YOUR OBJECTIVE>
Leave out every picture and set down, exactly, the lines below from the one holding "ファイナンシャルプランニング・生命保険・通訳事業" up to and including the one holding "Via del Castello".
== RECORDED INFORMATION ==
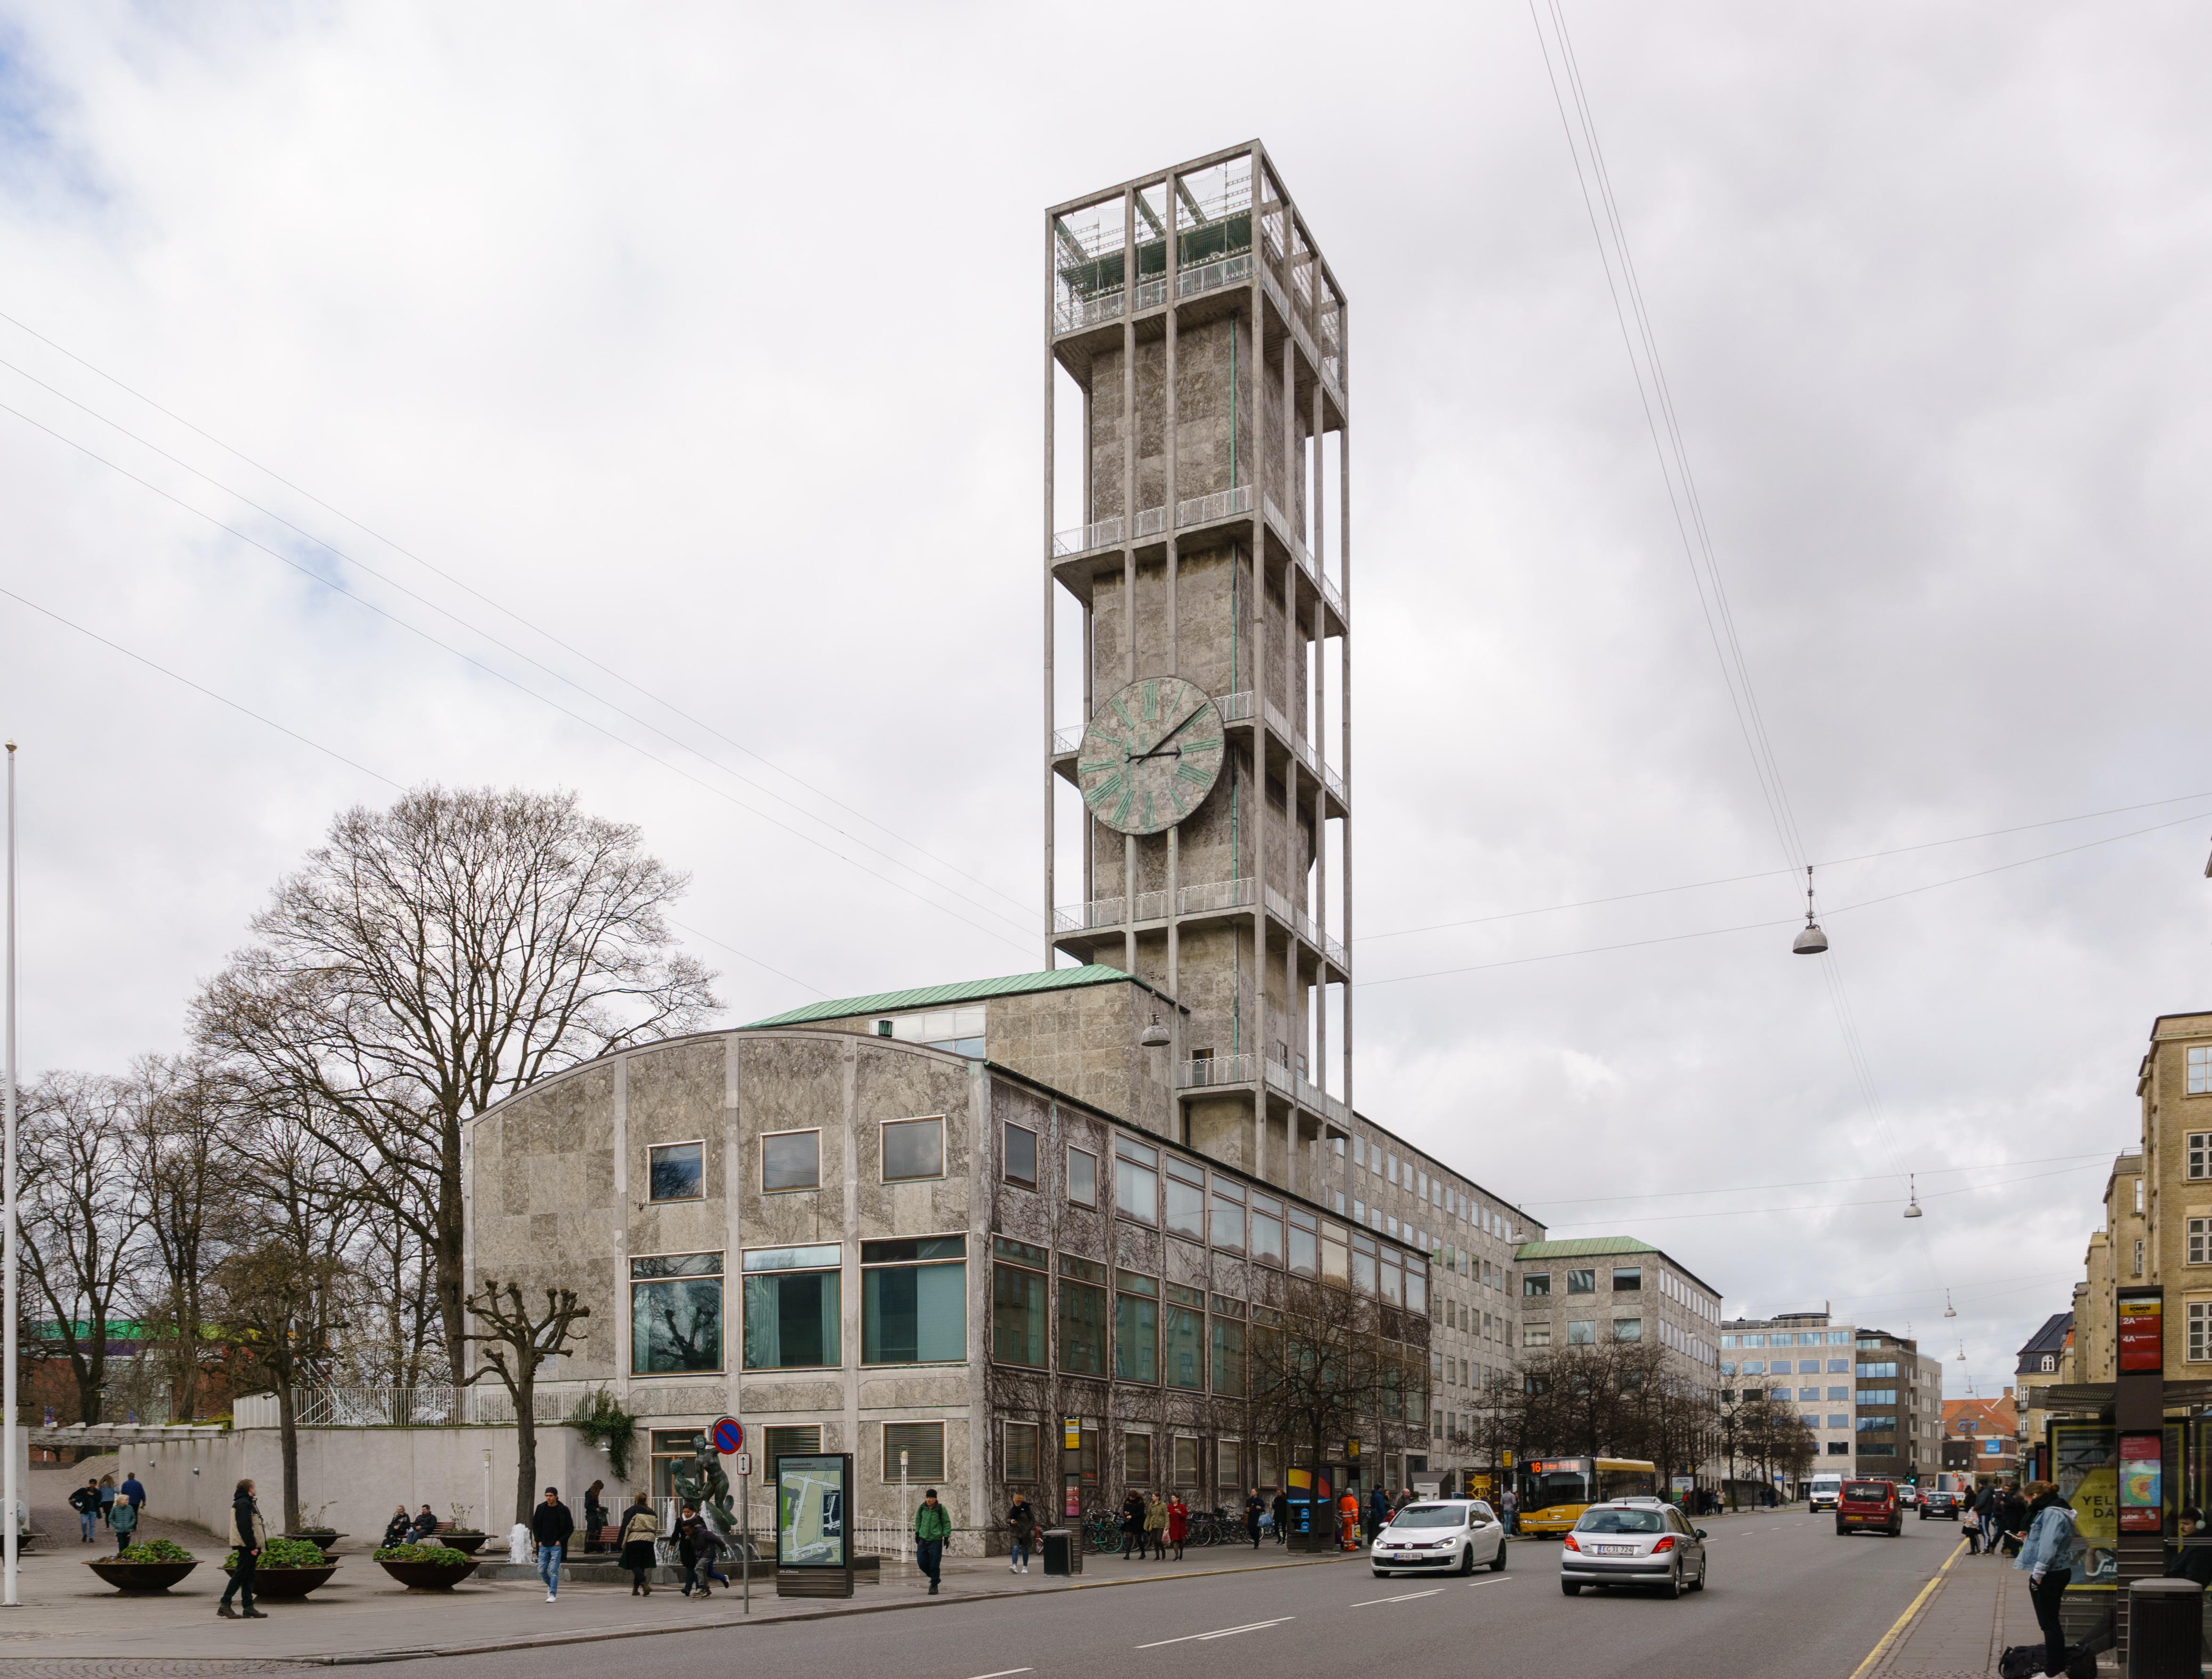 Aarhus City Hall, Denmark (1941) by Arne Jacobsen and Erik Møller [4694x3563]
===
== RECORDED INFORMATION ==
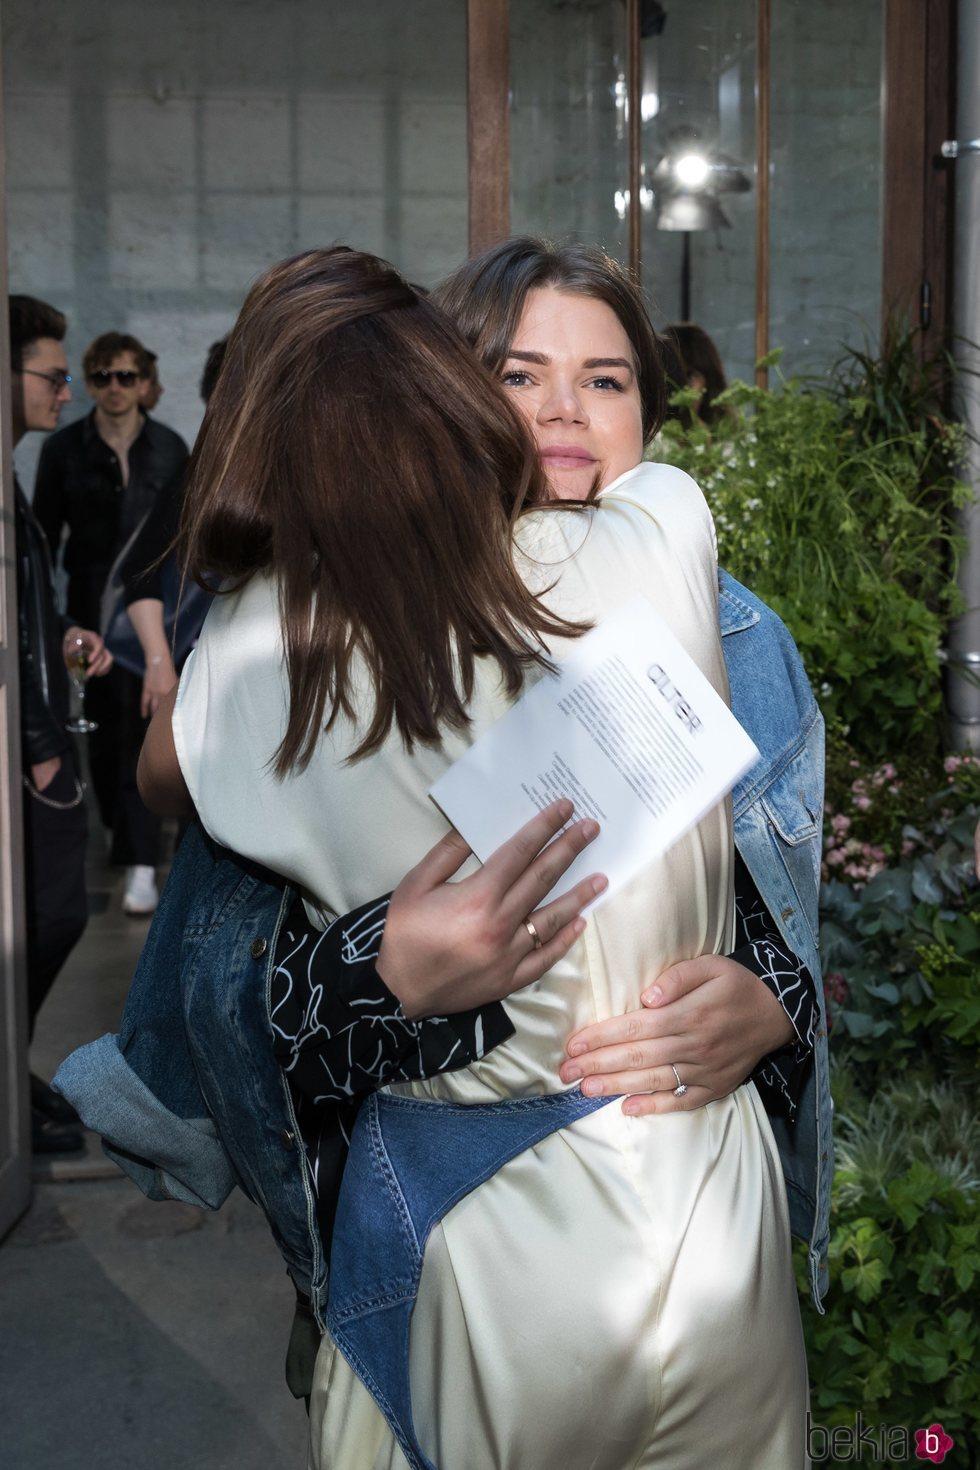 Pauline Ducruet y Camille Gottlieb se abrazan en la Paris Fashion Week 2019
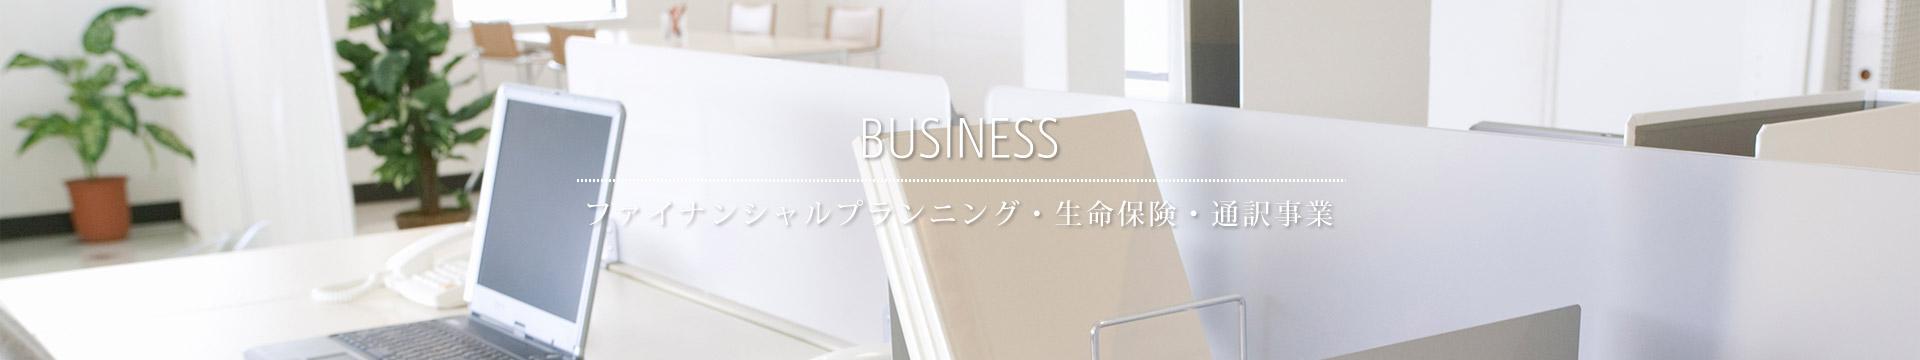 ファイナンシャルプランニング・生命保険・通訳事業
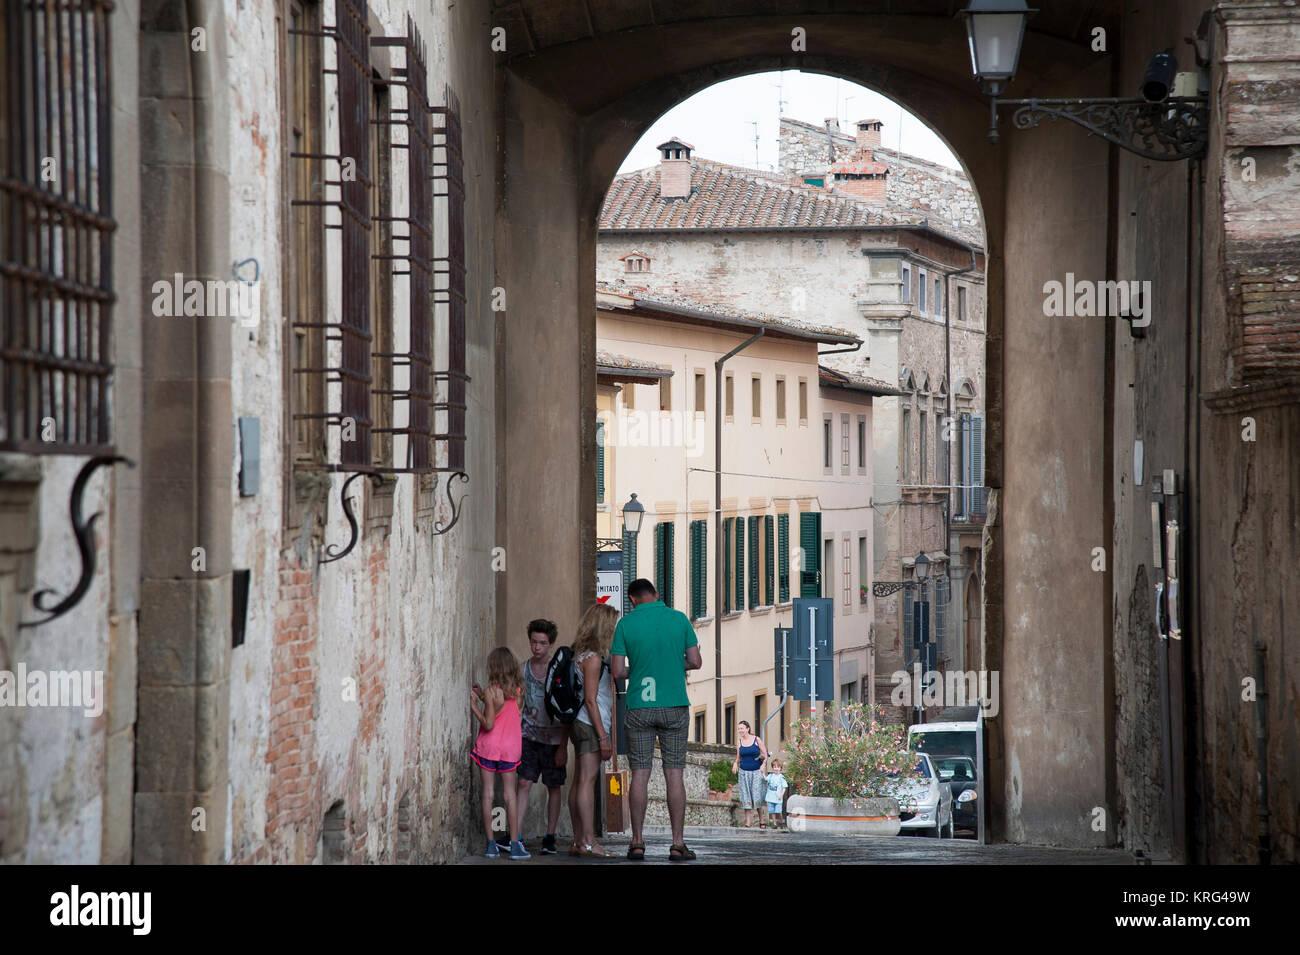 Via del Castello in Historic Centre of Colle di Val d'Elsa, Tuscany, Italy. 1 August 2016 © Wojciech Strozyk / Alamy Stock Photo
===
ANSWER BOX>
 ファイナンシャルプランニング・生命保険・通訳事業
 Via del Castello in Historic Centre of Colle di Val d'Elsa, Tuscany, Italy. 1 August 2016 © Wojciech Strozyk / Alamy Stock Photo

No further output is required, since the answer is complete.